So, I'm trying to write an application that uses django as its ORM, since it'll both need to do some behind the scenes processing and an easy to use front-end. It's core functionality will be processing data that's in the database, in a high-CPU process (basically monte carlo simulations) and I want to implement multiprocessing, specifically using Pool (I get 4 processes). Basically my code runs like this, with about 20 children of the parent:
assorted import statements to get the django environment in the script
from multiprocessing import Pool
from random import random
from time import sleep
def test(child):
x=[]
print child.id
for i in range(100):
print child.id, i
x.append(child.parent.id) #just to hit the DB
return x
if __name__ == '__main__':
parent = Parent.objects.get(id=1)
pool = Pool()
results = []
results = pool.map(test,parent.children.all())
pool.close()
pool.join()
print results
With the code as such, I get intermittent DatabaseError
s or PicklingError
s. The former are usually of the form "malformed database" or "lost connection to MySQL server", the latter are usually "cannot pickle model.DoesNotExist". They are random, occur with any process, and of course there is nothing wrong with the DB itself. If I set pool = Pool(proccesses=1)

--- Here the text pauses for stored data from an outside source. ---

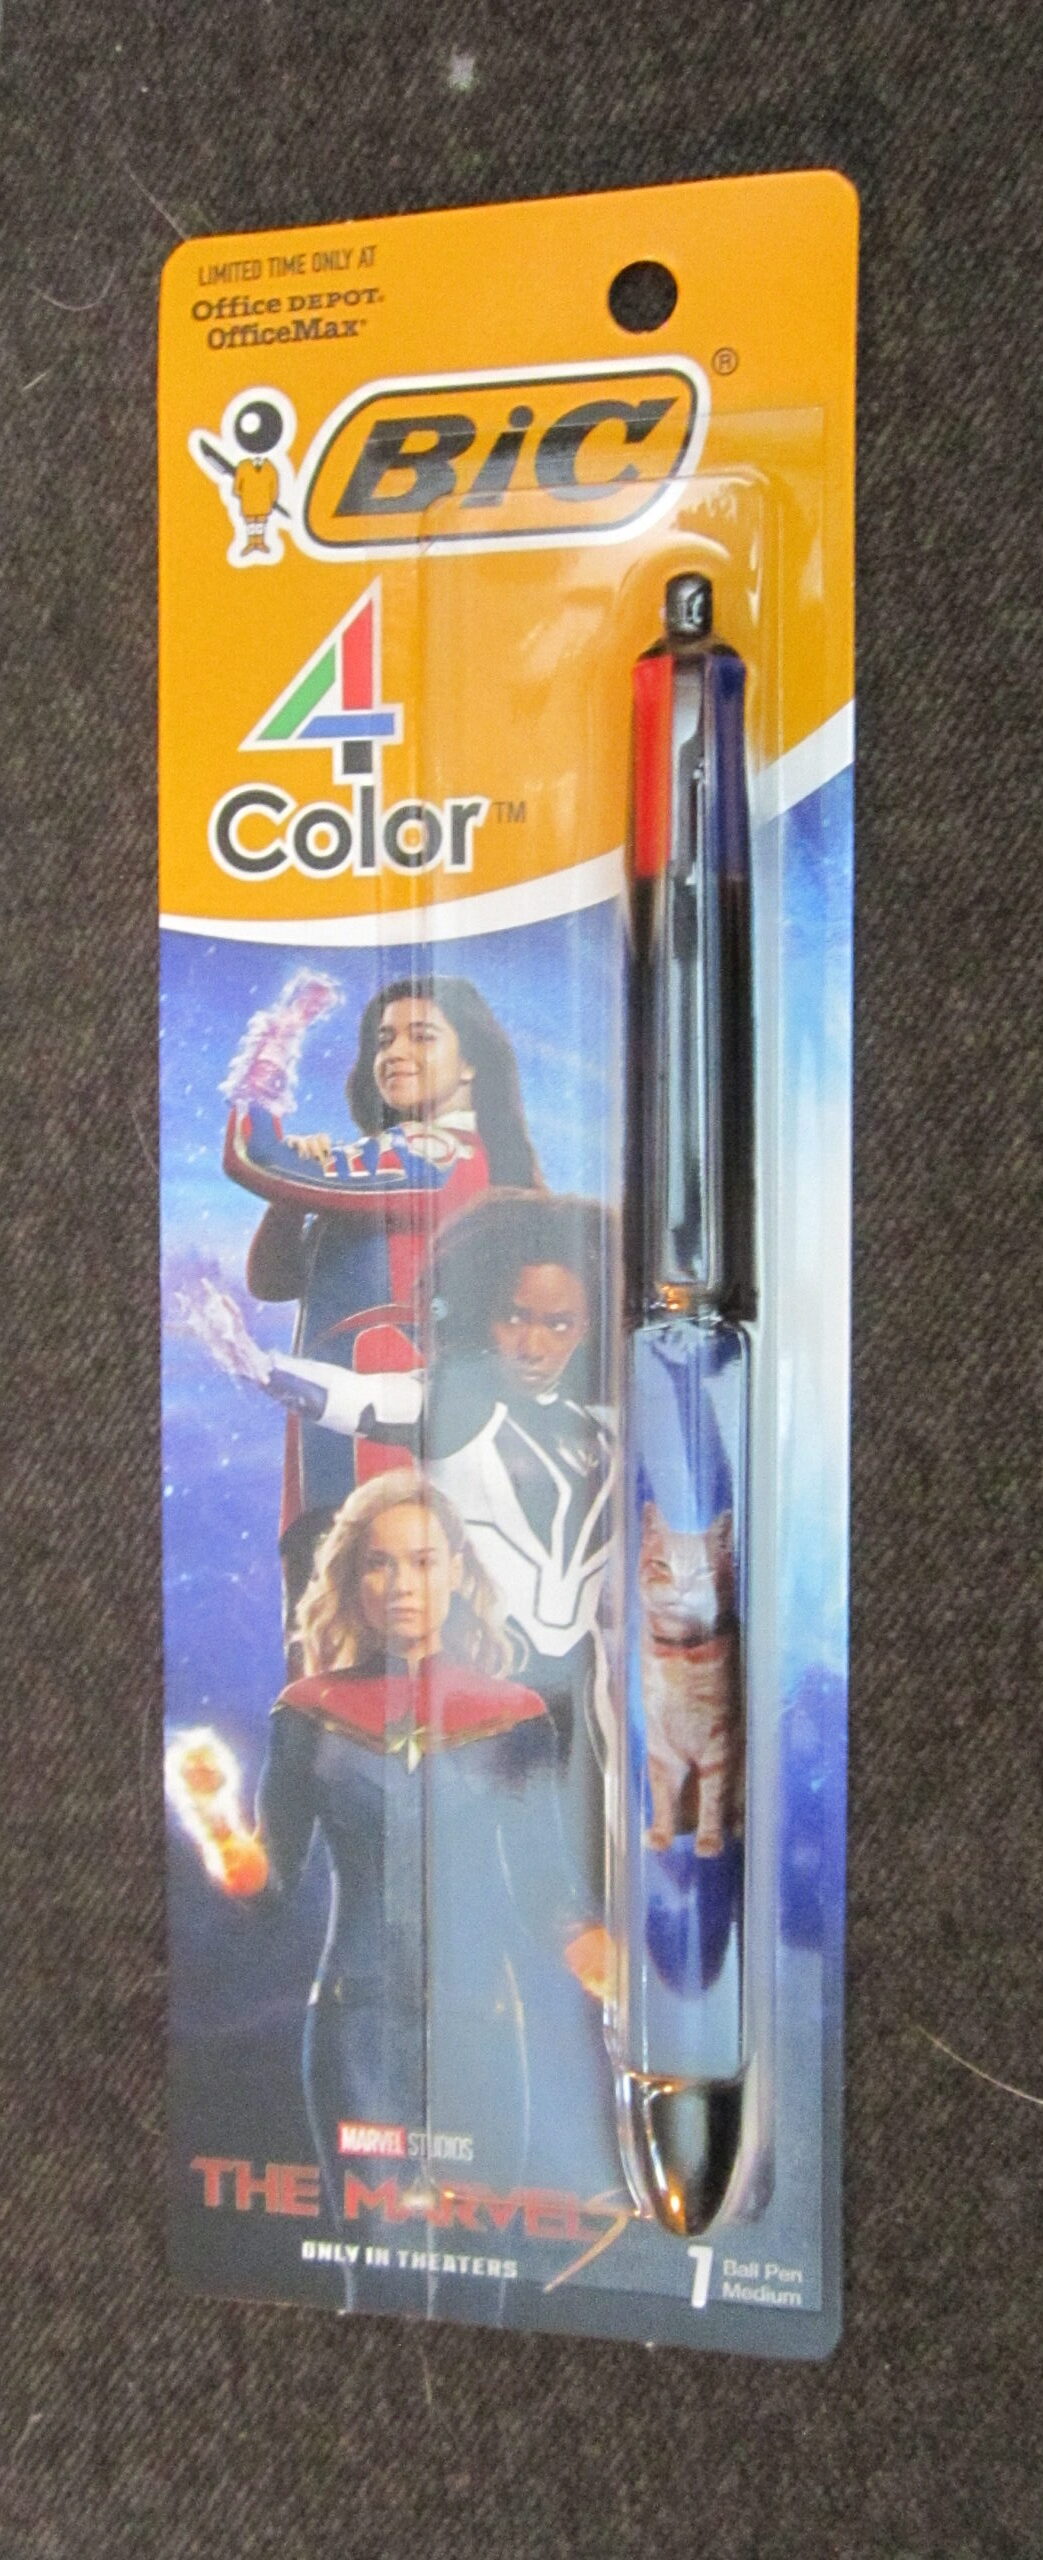 Bic Ball Pen, Classic, 4 Color, Medium (1.0 mm)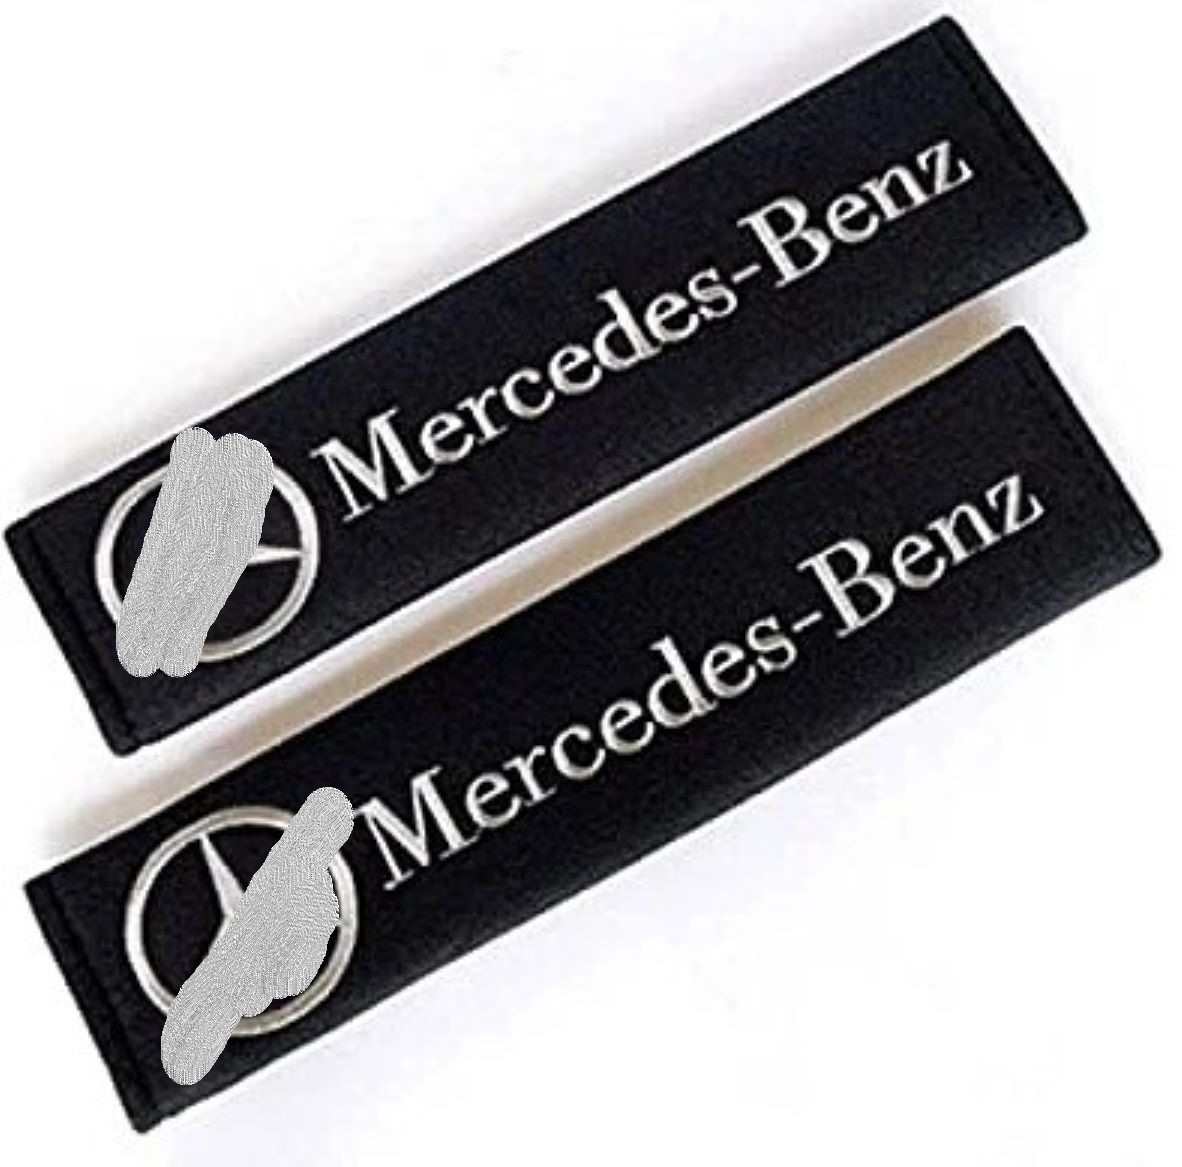 Mercedes Embroidered Logo Car Seat Belt Cover Seatbelt Shoulder Pad 2 pcs - $12.99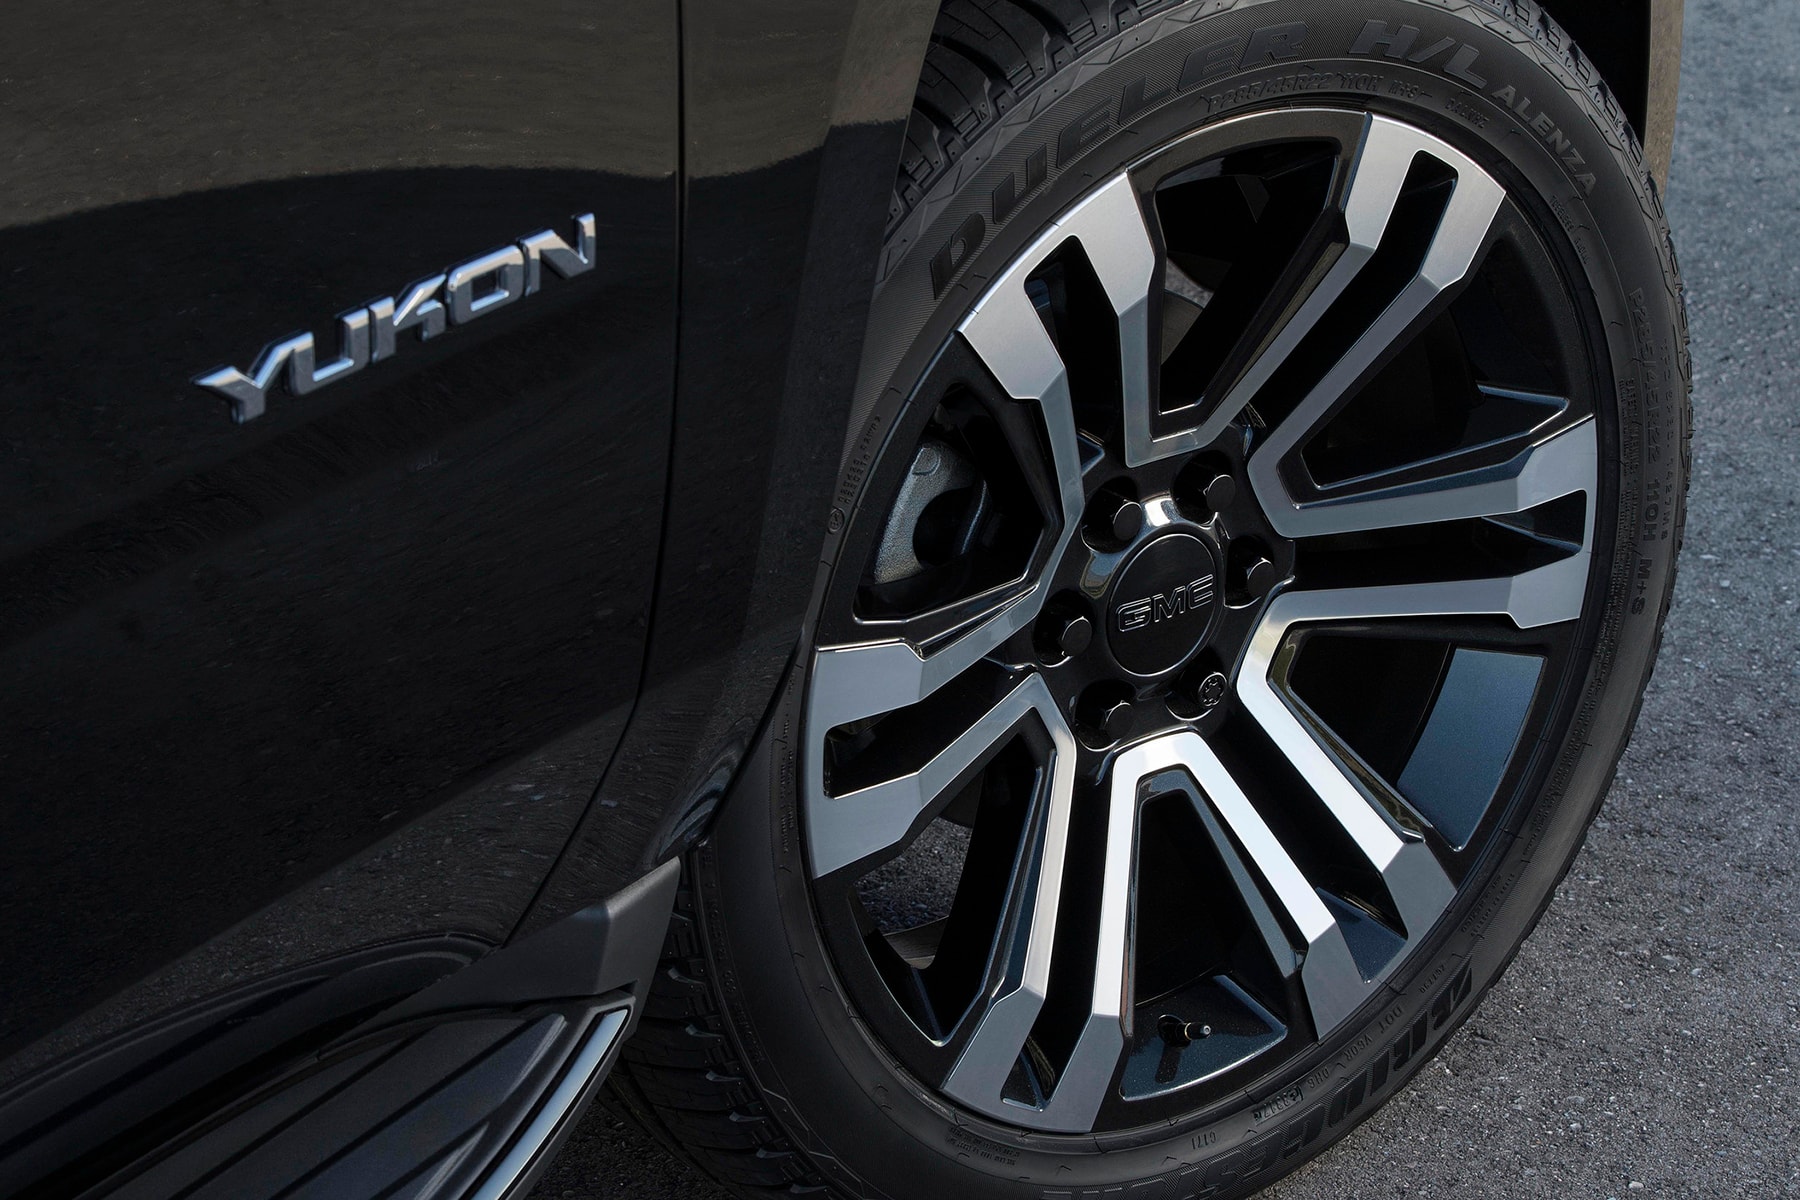 ヴィン・ディーゼルの愛車 GMC Yukon から上位モデルに匹敵する “Graphite Edition” が登場  10速オートマチックトランスミッションと420馬力の6.2L V8エンジンを搭載した漆黒のフルサイズSUV 『ワイルド・スピード』でDominic Toretto（ドミニク・トレット）役を演じるVin Diesel（ヴィン・ディーゼル）の愛車としてもお馴染みのGMC YukonとYukon XLから、“Graphite Edition”の名を冠した新モデルが登場。ルーフレールからグリル、フォグランプ周辺、窓縁に至るまで、ボディの全てをブラックで統一した漆黒のフルサイズSUVは、標準ボディのYukon、ロングボディタイプのYukon XLともに無骨な22インチホイールを履いているが、前者はシルバーのホイールを剥き出しに、後者はそこにブラックのペイントを施している。  パフォーマンスバージョンには高級グレードであるDenaliと同じく、磁気サスペンションと420馬力を発揮する6.2L V8エンジンを搭載。また、10速オートマチックトランスミッションと比率3.23:1のリアアクセルがその性能を最大限に引き出し、「Bose（ボーズ）」のノイズキャンセラー、170アンプのアルタネーター、トレーラーのブレーキ制御機など、要所のパーツクオリティも申し分ない。  価格帯などに関する詳細は明らかになっていないものの、“Graphite Edition”がDenaliよりも高価に設定されることは考えにくい。その他、性能などの追加情報は「GMC」からのアナウンスを待とう。  SUV好きの方は、高級感が360°から放たれるInfiniti QX80のリミテッドエディションもあわせてチェックしてみてはいかが？

then it runs, in a single thread just fine. I also throw in various print statements to make sure that most of them are actually running.
I also have been changing test
to:
def test(child):
x=[]
s= random()
sleep(random())
for i in range(100):
x.append(child.parent.id)
return x
Which just makes each iteration pause less than a second before running, and it makes everything fine. If I get the random interval down to about 500ms it starts acting up. So, probably a concurrency problem, right? But with only 4 processes hitting. My question is how do I solve this without making large dumps of the data ahead of time? I have tested it with both SQLite and MySQL, and both are having trouble with this.